My Clorette is one strange girl. I've no idea how to solve this. She now wheels, finally, but when she does poop on her wheel she gets scared (or shocked?) and puffs and huffs. Then I'll try to clean her wheel where the poop landed and she'll wheel a bit more before stopping. If I don't clean, she would also wheel till the poop is near her then she stops. 

I have no idea what to do. Plus she uses the toilet roll to fit her whole body (because it is cut lengthwise to prevent her head from getting stuck) so the whole toilet roll looks like a c shape instead. help? Lol


----------



## DesireeM81 (Jun 14, 2014)

Just replace the tp roll as often as you can. Rose, my 525 gram hedgehog, squeezes her body through it too making it in a sense useless. 

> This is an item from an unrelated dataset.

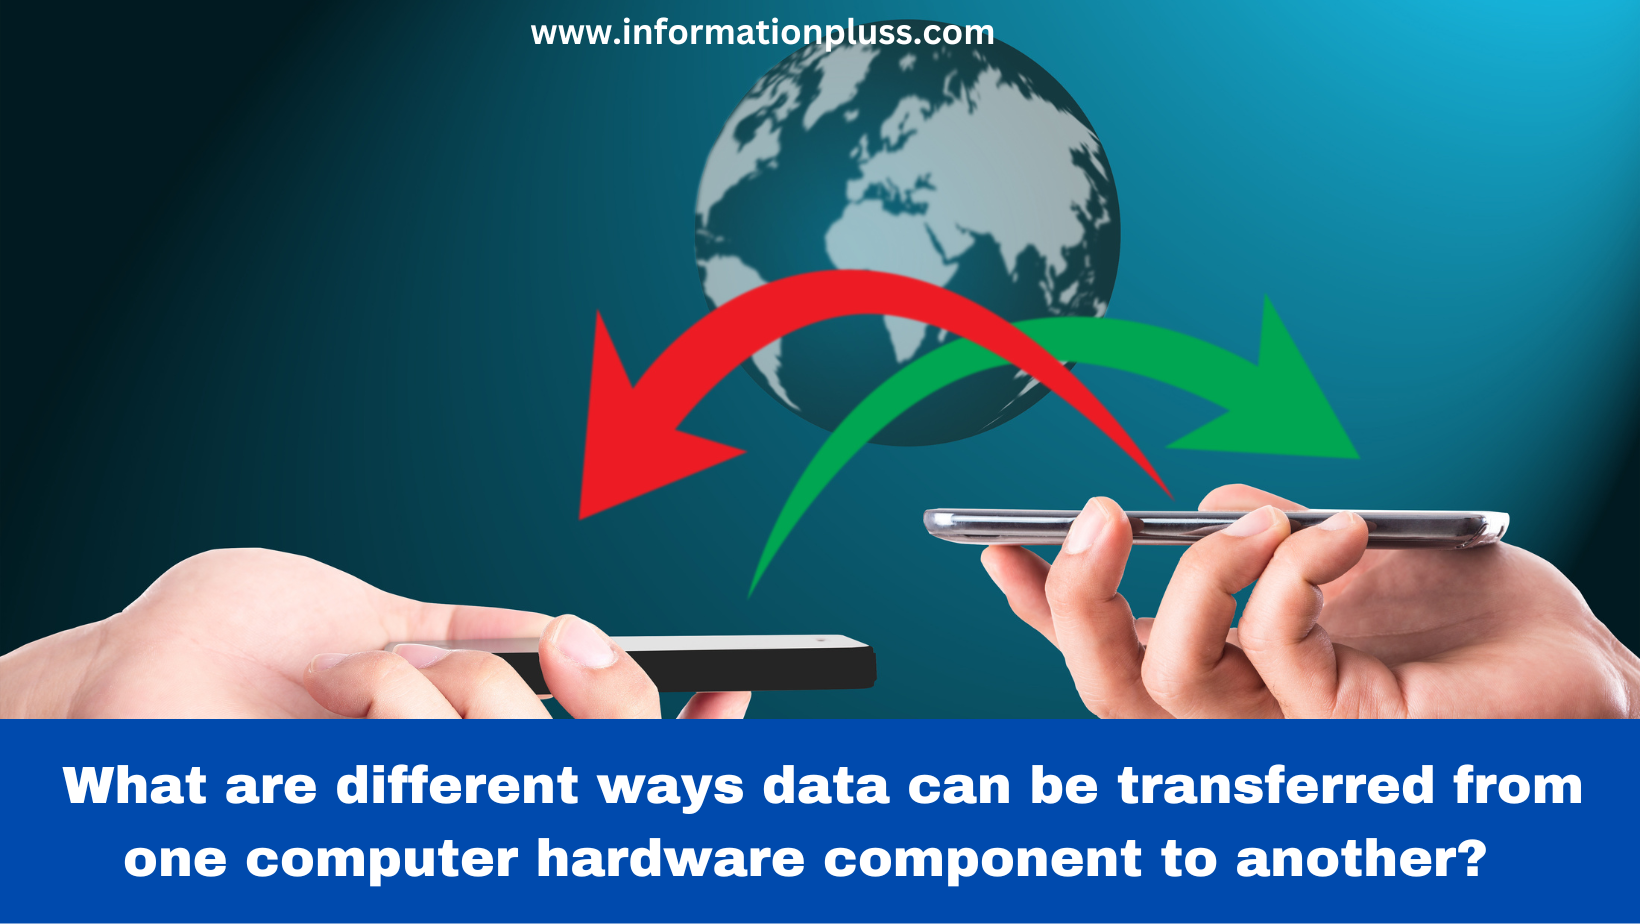 What are different ways data can be transferred from one computer hardware component to another?

As for wheeling, she is probably just a clean hog and doesn't want to step on her own poop. Do you have a litter pan under her wheel? Place the poop in there and maybe she will learn that she can poop in her litter pan and not have to walk on it?

Also, is the wheel in her cage?


----------



## Moonwishes (Oct 9, 2014)

Yup will replace the roll  She's probably a clean hog like you said, she sleeps under her wheel till she poops there (and yup there's a tray there for her to poop) until she poops.

She rarely runs and even after putting the poop on the tray she walks off, haha.


----------



## phoenix1964 (Jan 23, 2014)

I had to laugh when I read that! My Penny has poop boots that are so gross! I am not familiar with this but if she has always done this, is healthy, not too fat or thin, then I would like this is her behaviour!


----------



## phoenix1964 (Jan 23, 2014)

Another thought! Does she enjoy playtime and running around in an enclosure? I understand some hoggies really like that. Mine doesn't but she loves her wheel so I have never worried over that.


----------



## Moonwishes (Oct 9, 2014)

Haha pheonix glad it made you laugh!  Only problem is when she poops on it she stops running already. She barely has poop boots but when she does I do clean her feet. And no, she actually isn't active as she's still around 4 months so she sleeps a lot. Only is awake and finishing her entire half bowl of kibble and pooping all over the wheel and tray when I'm not around at 6-9pm 

She's 260g last I weighed her. Not sure if that's a healthy weight


----------



## DesireeM81 (Jun 14, 2014)

It's more about how they look than how much they weigh. 260 can be a good weight, if she is a baby then you won't be able to go off weight till she is a bit older. My little girl weighed 260 at 9 weeks and she is now just under 400 grams at 6 months old. weight is a great tool to use when monitoring health but a bad tool when monitoring obesity.


----------